In at least one example embodiment, the physical quantity may be electrostatic capacitance.

In at least one example embodiment, a hollow fiber may be provided in the bioreactor, and a longitudinal direction of the hollow fiber may be along the longitudinal direction of the bioreactor.

In at least one example embodiment, the bioreactor may be provided with a plurality of supply and discharge ports. For example, a first supply and discharge port of the plurality of supply and discharge ports may be provided at one end of the bioreactor, and a second supply and discharge port of the plurality of supply and discharge ports may be provided at the other end of the bioreactor.

In at least one example embodiment, the distribution measurement device may further include a display control unit that displays (for example, on a display unit) information indicating a distribution of cells in the longitudinal direction of the bioreactor based on the physical quantity measured by the measurement unit.

In at least one example embodiment, the distribution measurement device may further include a storage control unit that stores (for example, in a storage unit) information indicating a distribution of cells in the longitudinal direction of the bioreactor based on the physical quantity measured by the measurement unit.

In at least one example embodiment the distribution measurement device may further include a control unit that controls at least one of an inflow rate of a culture medium into the bioreactor and an outflow rate of the culture medium from the bioreactor such that a distribution of cells in the longitudinal direction of the bioreactor becomes uniform.

In at least one example embodiment, the control unit may execute controls such that the distribution of the cells in the longitudinal direction of the bioreactor become uniform. When the distribution of the cells in the longitudinal direction of the bioreactor is uniform, nutrition may be uniformly distributed to the cells inside the bioreactor, allowing for optimization of the cell culture.

In at least one example embodiment, a longitudinal direction of the electrode may be along a longitudinal direction of the bioreactor.

In at least one example embodiment, the longitudinal direction of the electrode for measuring the physical quantity may be along the longitudinal direction of the bioreactor and by sequentially switching a combination of the electrodes, the distribution of cells in the direction intersecting the longitudinal direction of the bioreactor can be measured. The distribution of cells in the direction intersecting the longitudinal direction of the bioreactor helps to optimize the cell culture.

In at least one example embodiment, the physical quantity may be electrostatic capacitance.

In at least one example embodiment, a hollow fiber may be provided in the bioreactor, and a longitudinal direction of the hollow fiber may be along the longitudinal direction of the bioreactor.

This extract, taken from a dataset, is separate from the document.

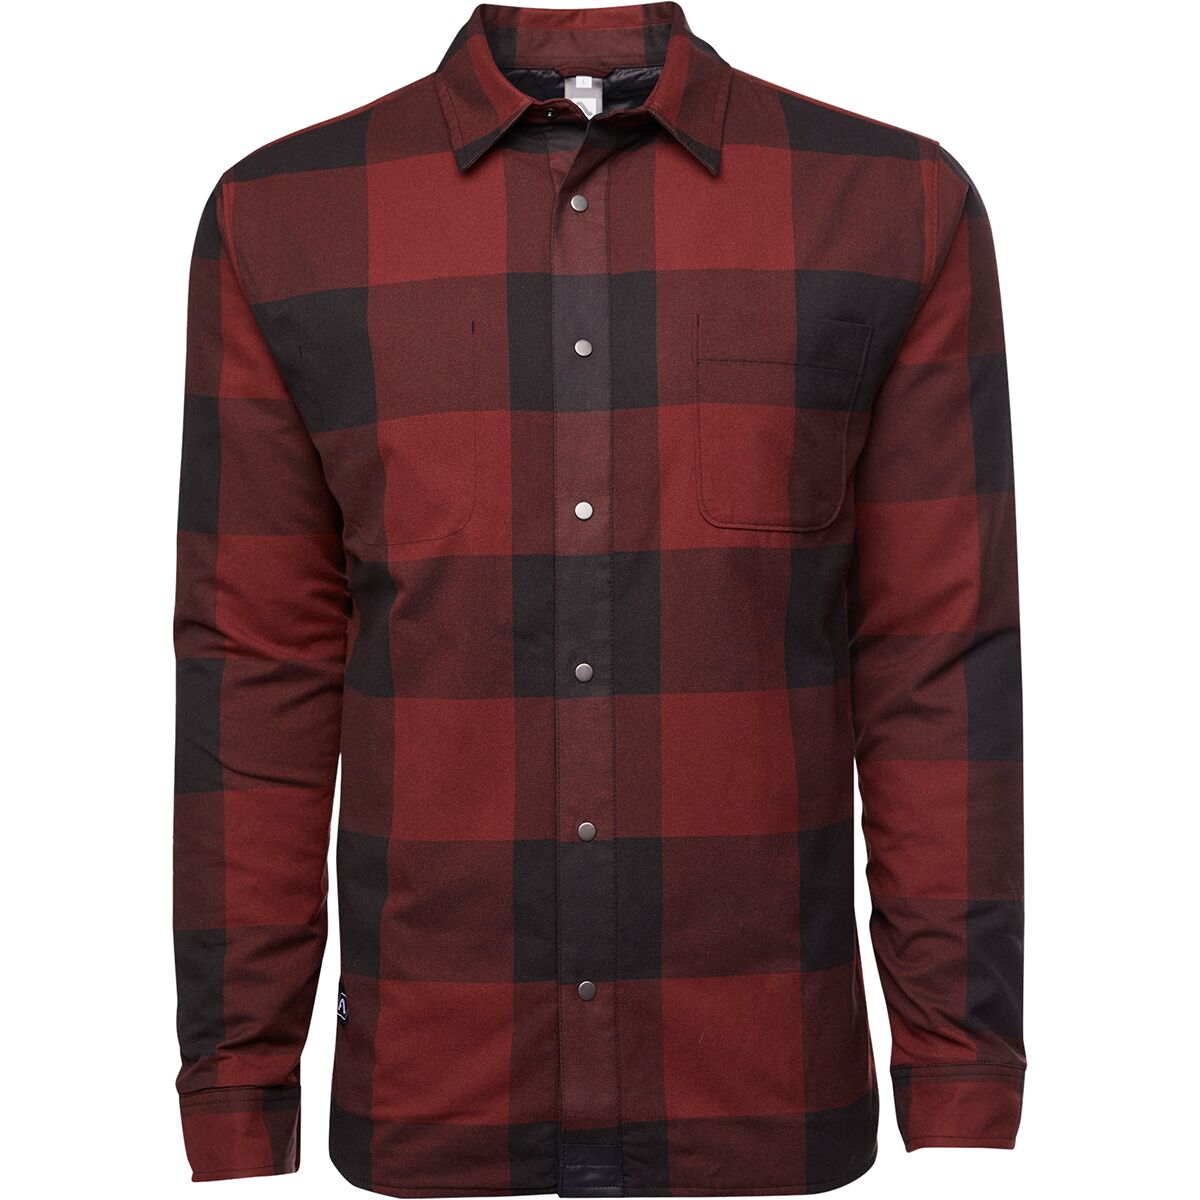 Flylow Sinclair Insulated Flannel Shirt Jacket - Men's - Clothing

In at least one example embodiment, the distribution measurement device may further include a display control unit that displays (for example, on a display unit) information indicating a distribution of cells in a direction intersecting the longitudinal direction of the bioreactor based on the physical quantity sequentially measured by the measurement unit.

In at least one example embodiment, the distribution measurement device may further include a storage control unit that stores (for example, in a storage unit) information indicating distribution of cells in a direction intersecting the longitudinal direction of the bioreactor based on the physical quantity sequentially measured by the measurement unit.

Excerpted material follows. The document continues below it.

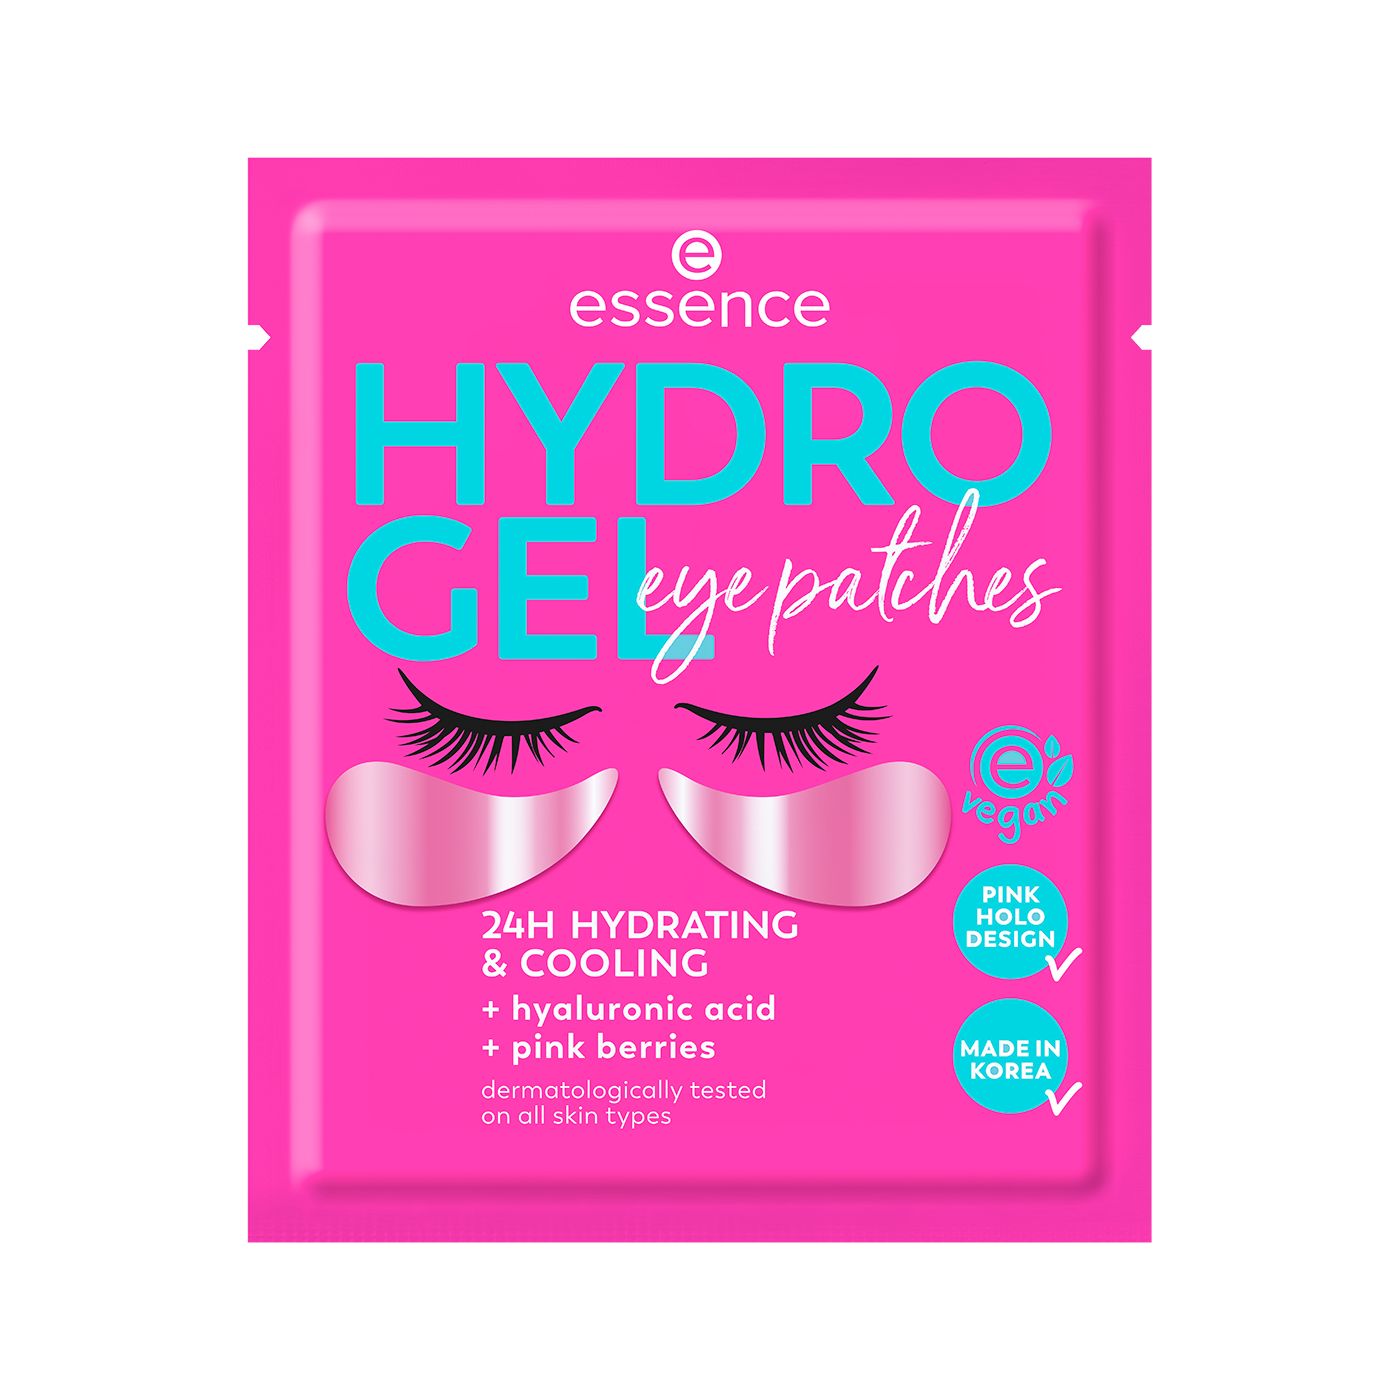 Augen-Patches - Hydro Gel Eye Patches

In at least one example embodiment, the distribution of cells in the longitudinal direction of the bioreactor or the distribution of cells in the direction intersecting the longitudinal direction of the bioreactor can be measured.

DRAWINGS

FIG. 1 is a block diagram of an example distribution measurement device as in communication with a bioreactor in accordance with at least one example embodiment.

FIGS. 2A and 2B are schematic diagrams illustrating an example arrangement of a plurality of electrodes in the bioreactor of FIG. 1 in accordance with at least one example embodiment.

FIGS. 3A and 3B are schematic diagrams illustrating another example arrangement of the plurality of electrodes in the bioreactor of FIG. 1 in accordance with at least one example embodiment.

FIGS. 4A and 4B are schematic diagrams illustrating an example arrangement of an assembled electrode in the bioreactor of FIG. 1 in accordance with at least one example embodiment.

FIG. 5 is a schematic diagram illustrating another example arrangement of an assembled electrode in the bioreactor of FIG. 1 in accordance with at least one example embodiment.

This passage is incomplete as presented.